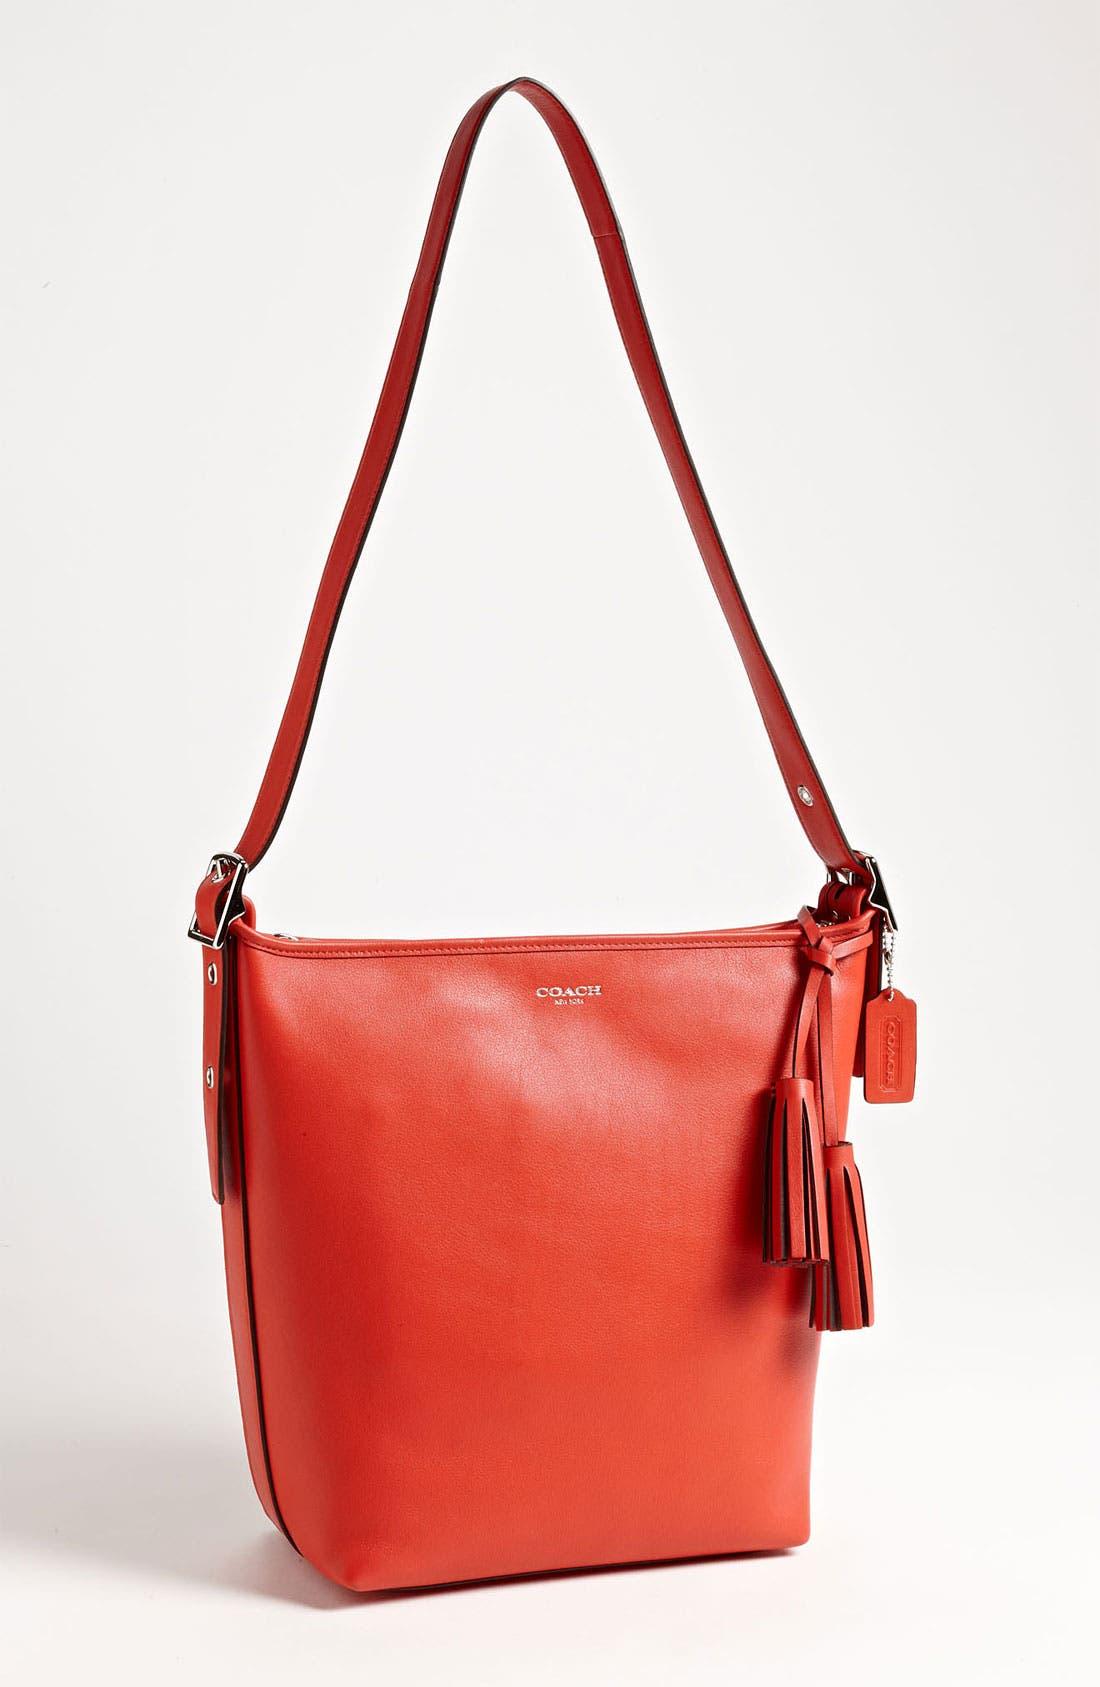 Alternate Image 1 Selected - COACH 'Legacy - Duffle' Tasseled Leather Shoulder Bag
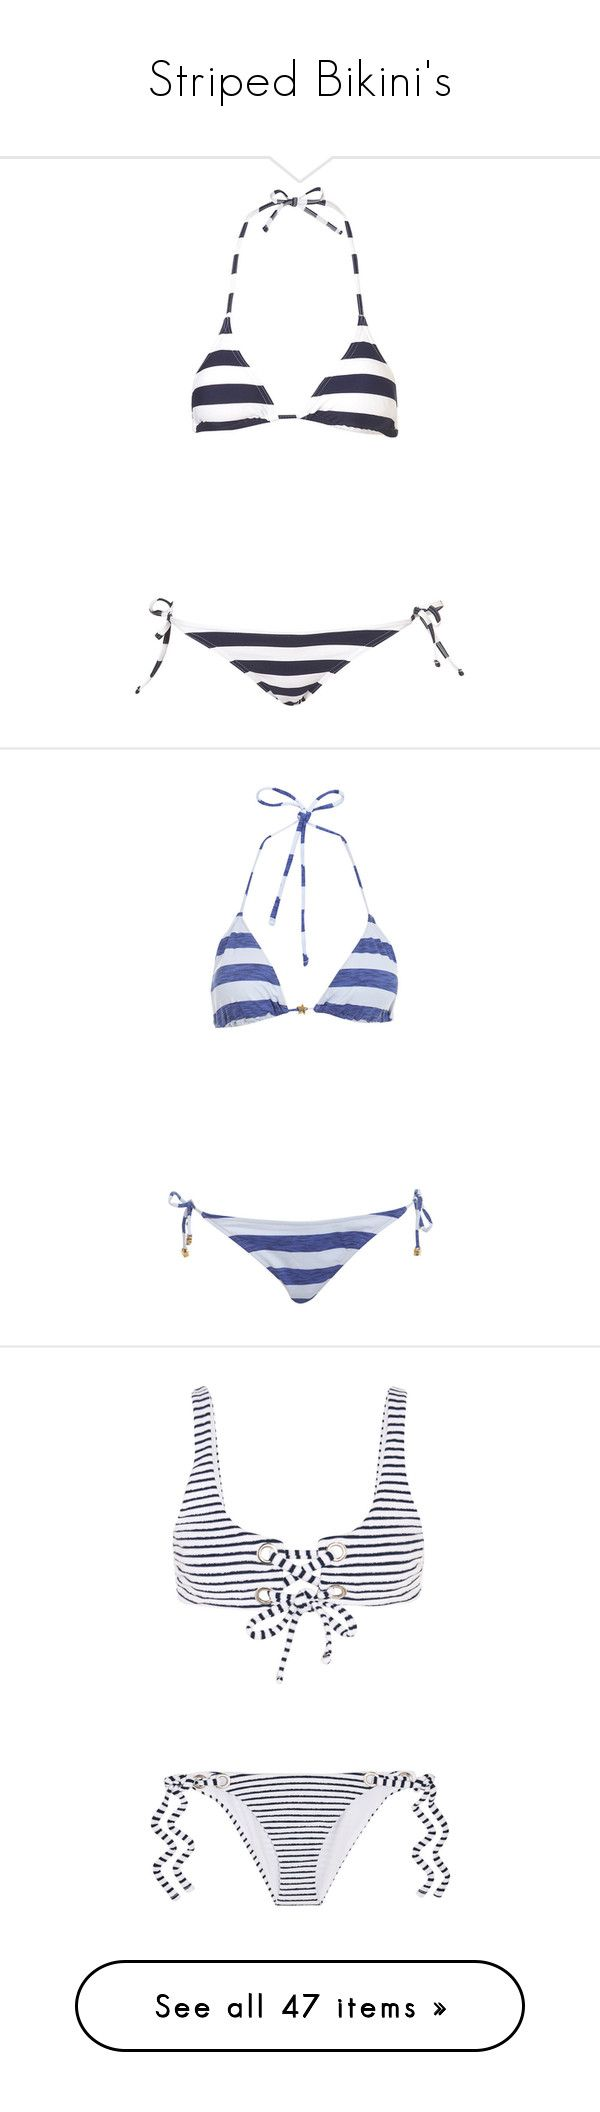 """Striped Bikini's"" by katyplops ❤ liked on Polyvore featuring swimwear, bikinis, swimsuits, bathing suits, swim, women, bikini bathing suits, swim suits, stripe bikini and swimming costume"
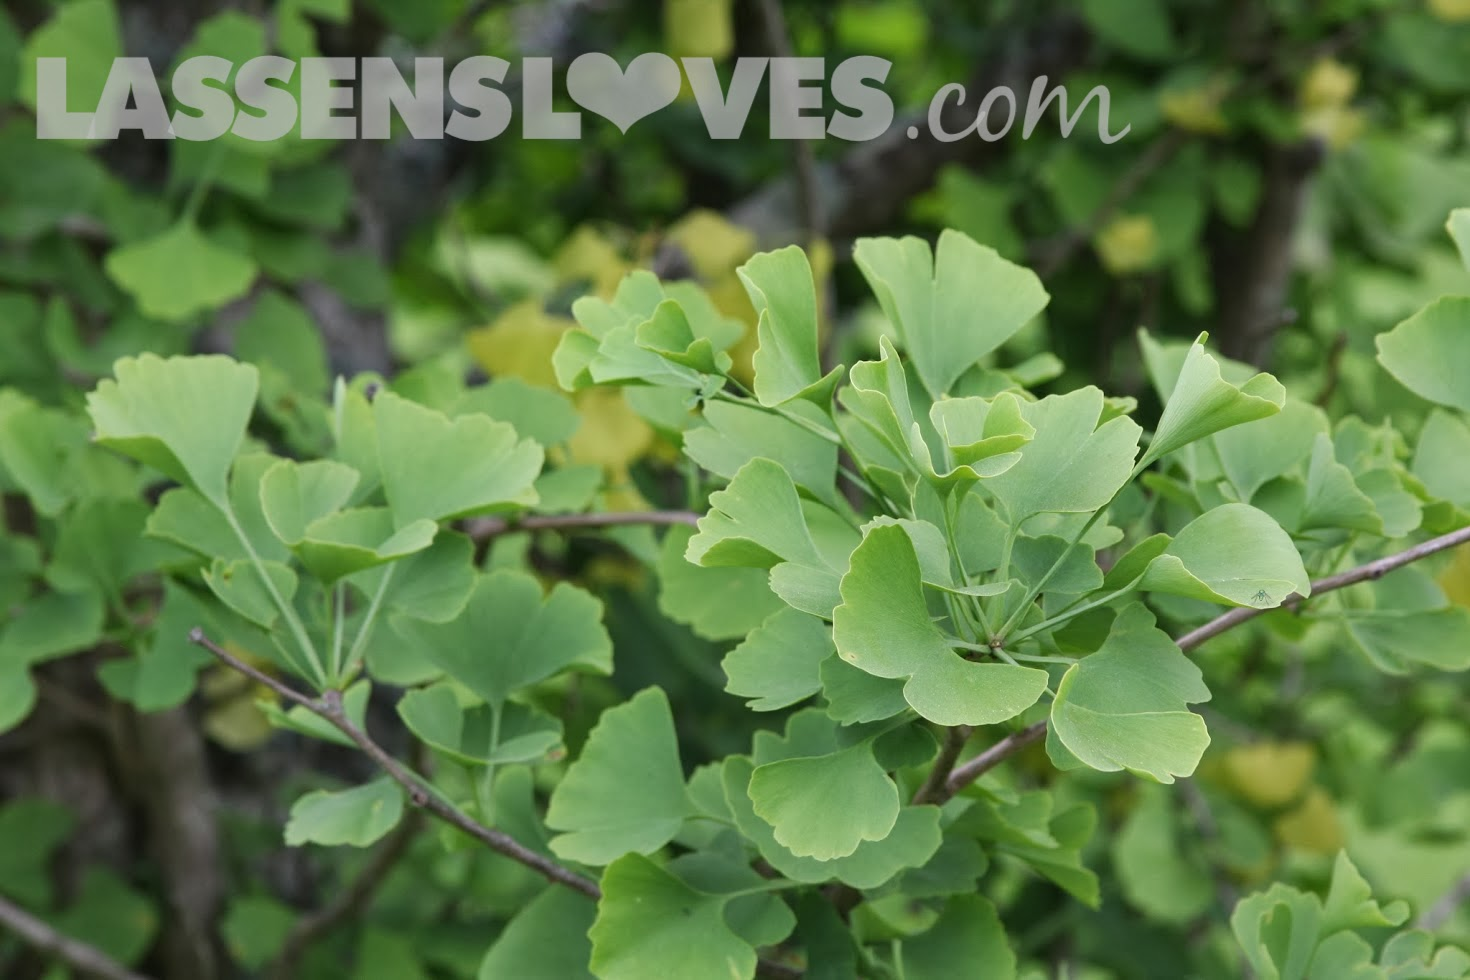 lassensloves.com, Lassen's, Lassens, Gaia+Herbs, Gingo, Mental+Alertness
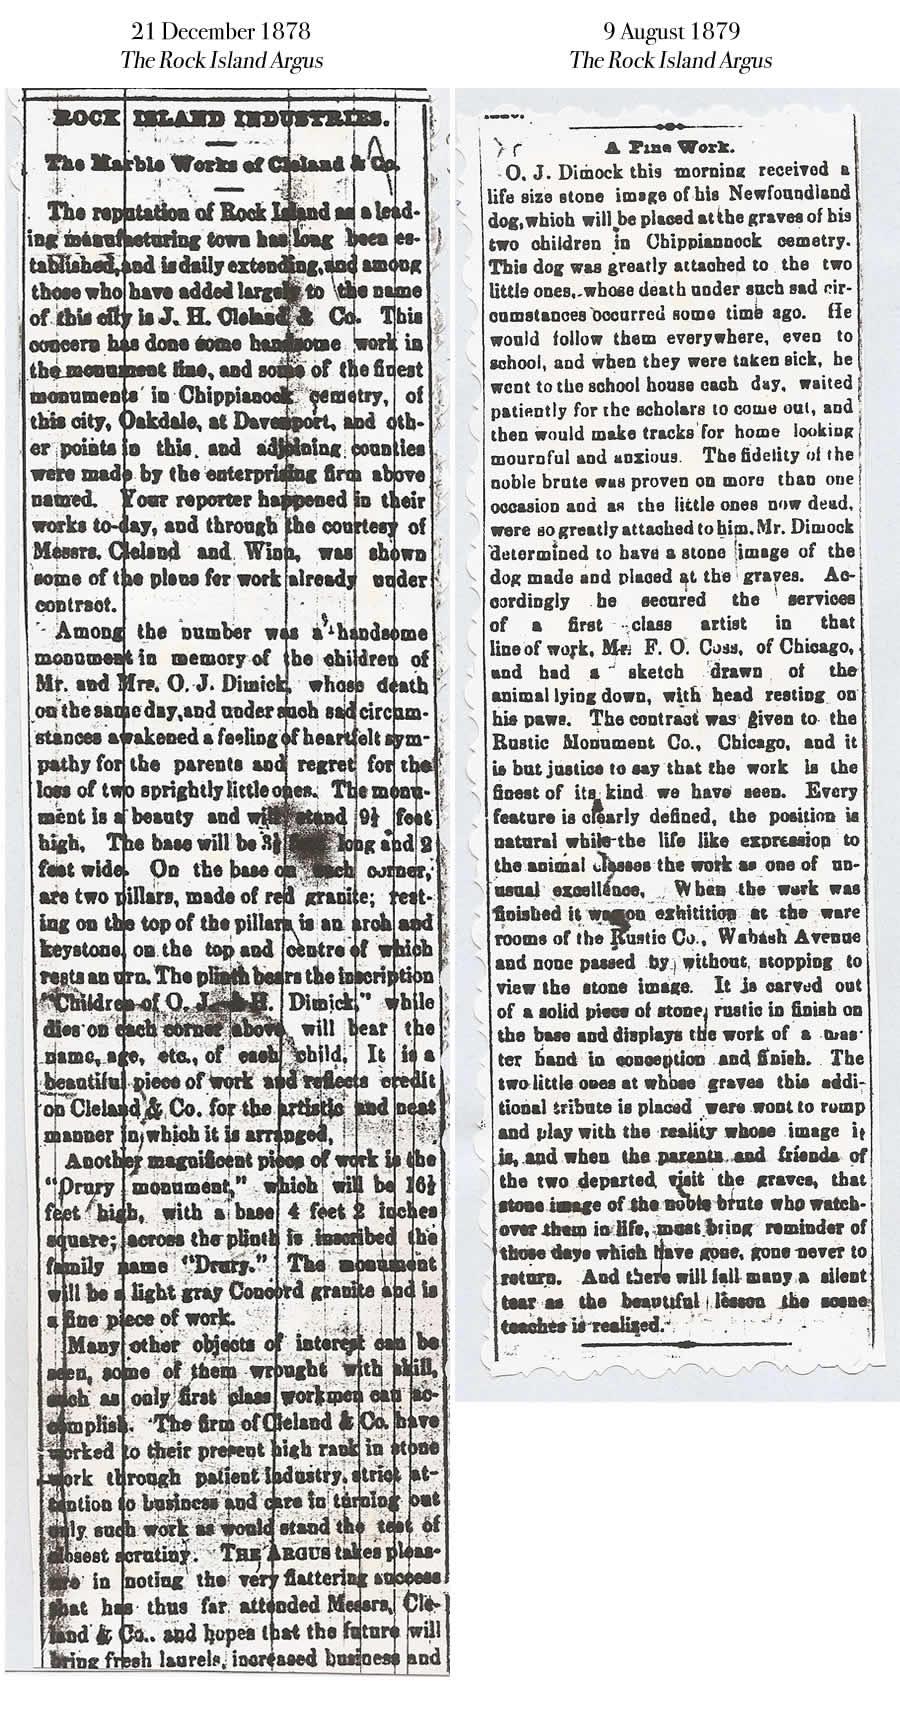 Dimick Dog Statue Chippiannock Newspaper Articles
# # # #
> [Exercise goal]: Transcribe all of the data above verbatim but omit every picture.

> [The completed task]:
 Alternate Image 1 Selected - COACH 'Legacy - Duffle' Tasseled Leather Shoulder Bag
 """Striped Bikini's"" by katyplops ❤ liked on Polyvore featuring swimwear, bikinis, swimsuits, bathing suits, swim, women, bikini bathing suits, swim suits, stripe bikini and swimming costume"
 lassensloves.com, Lassen's, Lassens, Gaia+Herbs, Gingo, Mental+Alertness
 Dimick Dog Statue Chippiannock Newspaper Articles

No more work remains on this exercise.